* Collected material:
+++
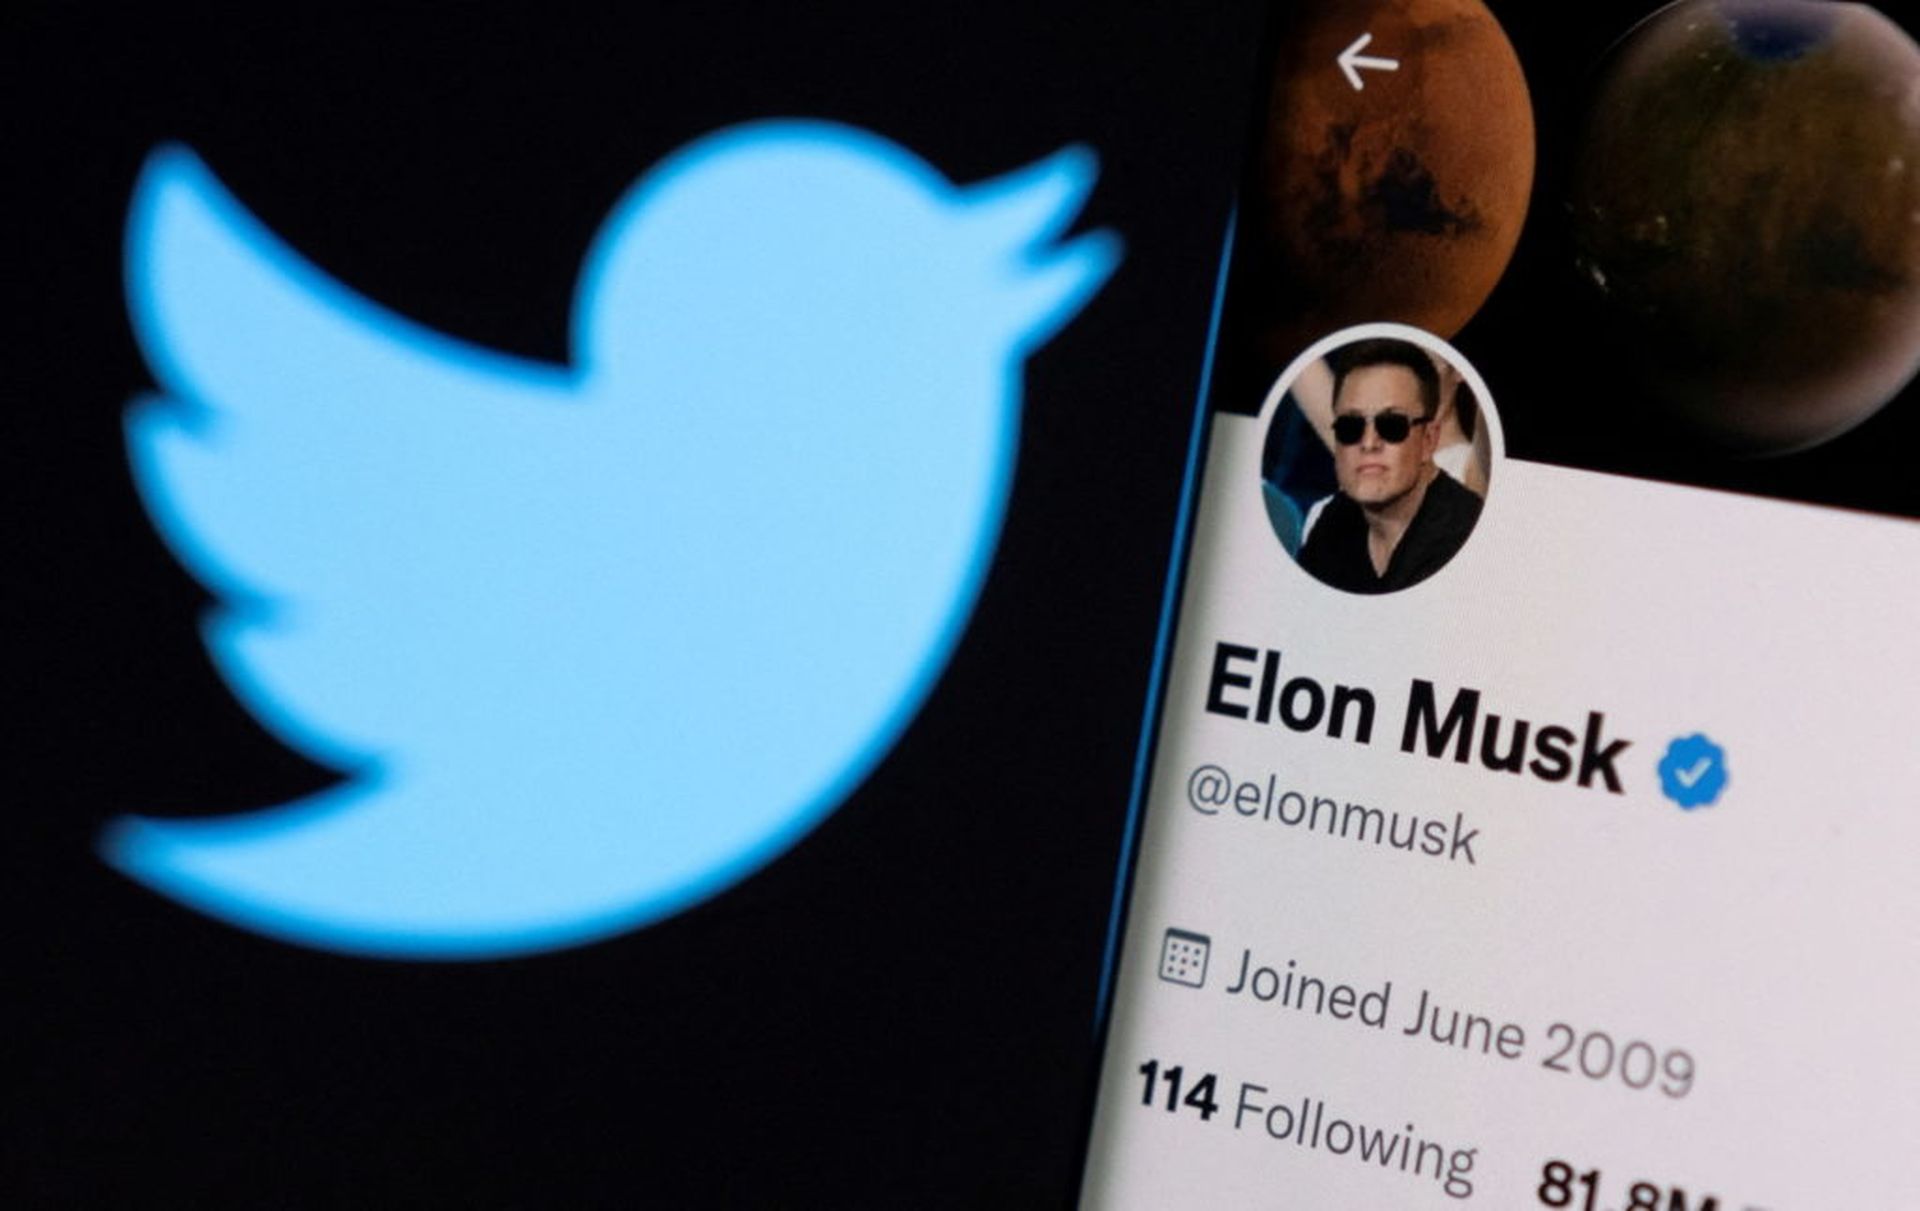 Elon fires Twitter CEO
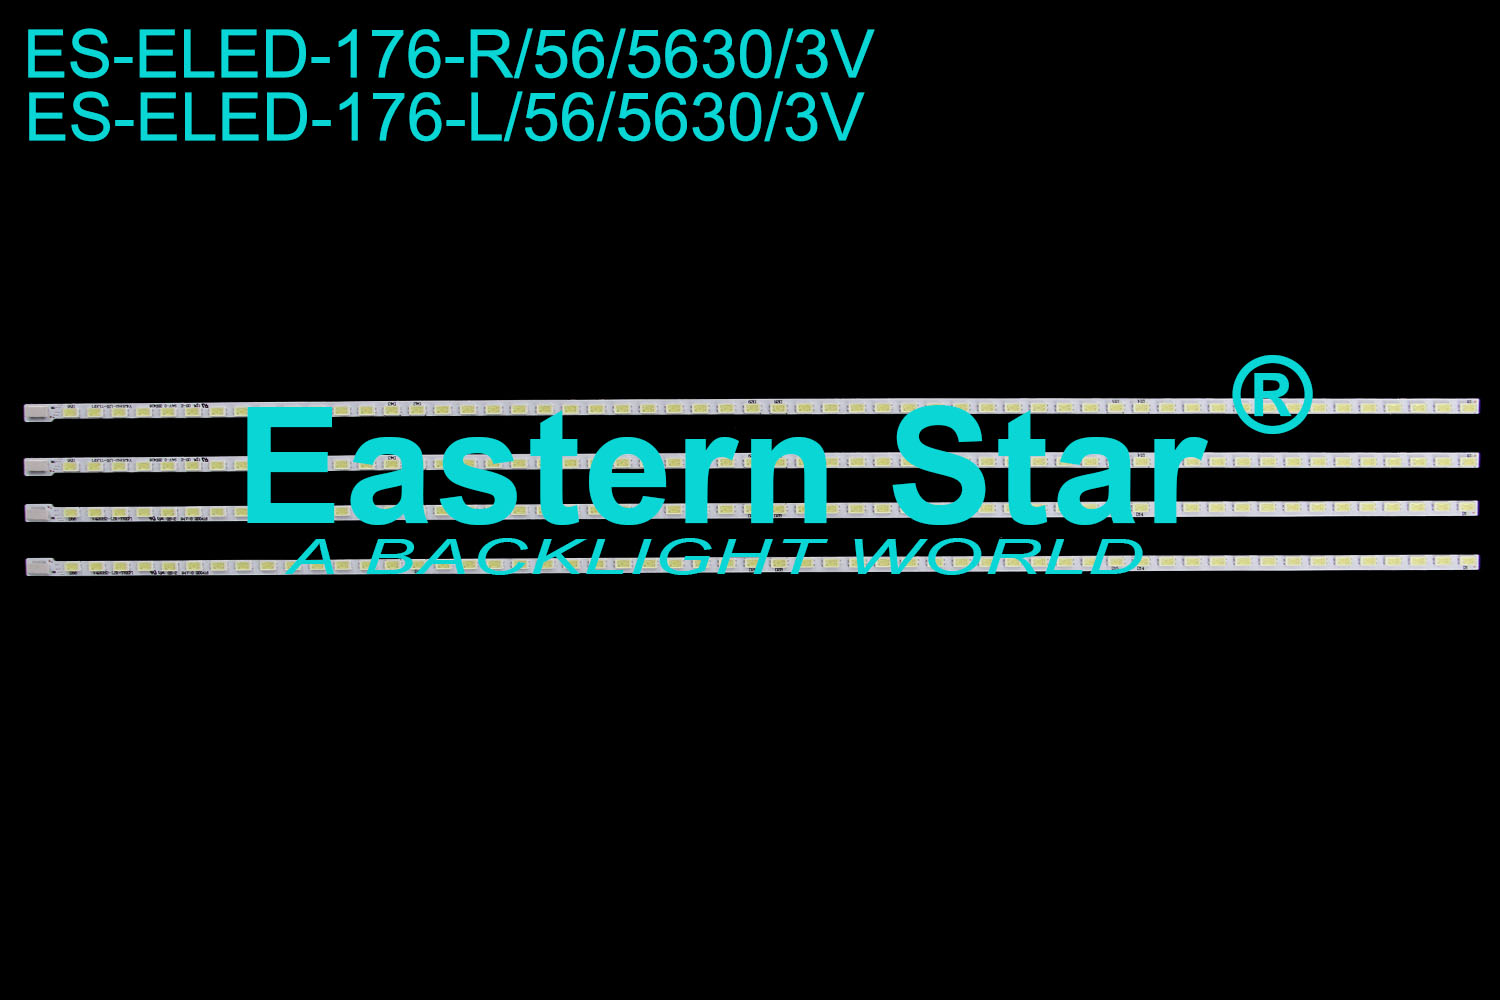 ES-ELED-176 ELED/EDGE TV backlight 42'' 56LEDs  V420H2-LS1-TR/LEF1 LED STRIP(4)
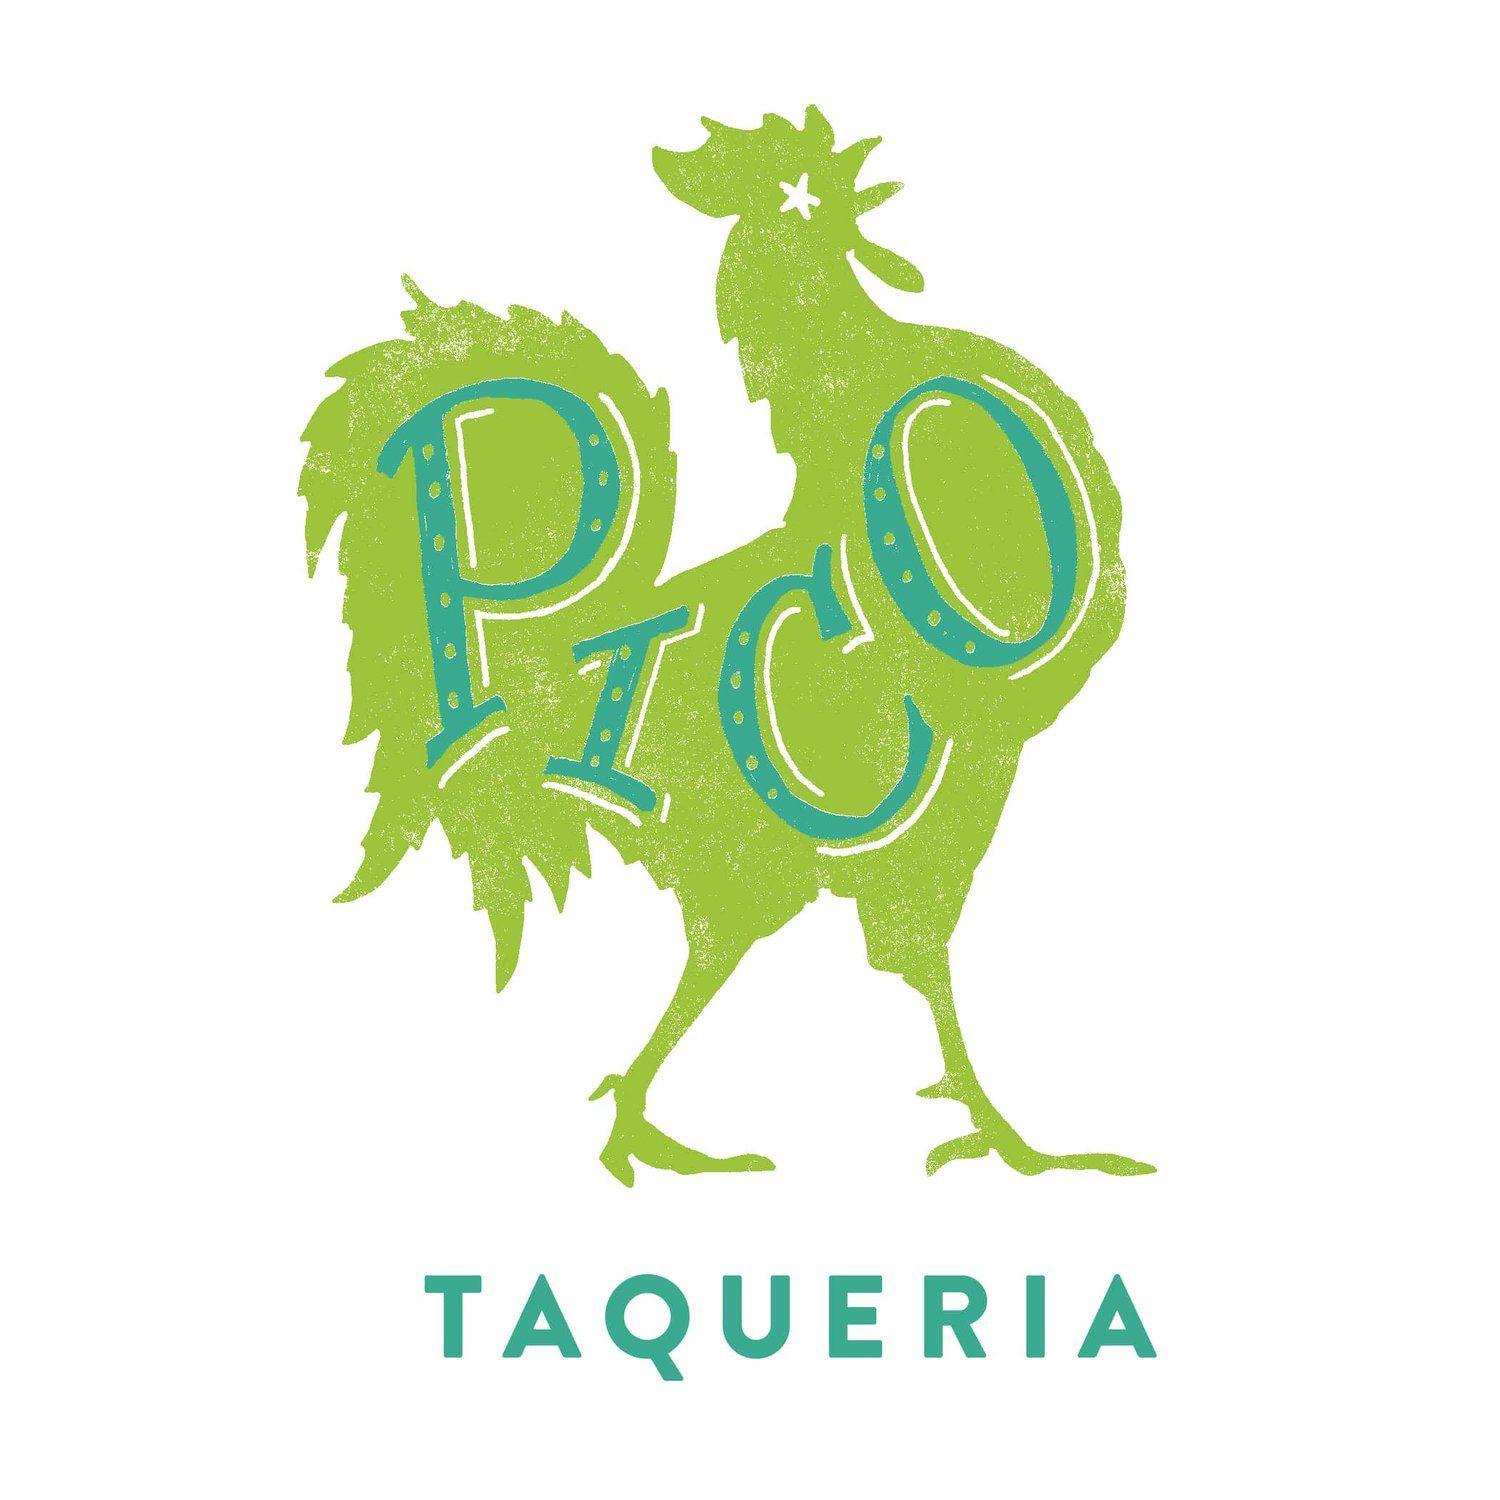 Pico Logo - Pico Taqueria - Gourmet Tacos on Chincoteague Island
+++
* Directions for this task: Print the data exactly as written, dropping any images it holds.

* Written reply:
 Elon fires Twitter CEO
 ES-ELED-176 ELED/EDGE TV backlight 42'' 56LEDs  V420H2-LS1-TR/LEF1 LED STRIP(4)
 Pico Logo - Pico Taqueria - Gourmet Tacos on Chincoteague Island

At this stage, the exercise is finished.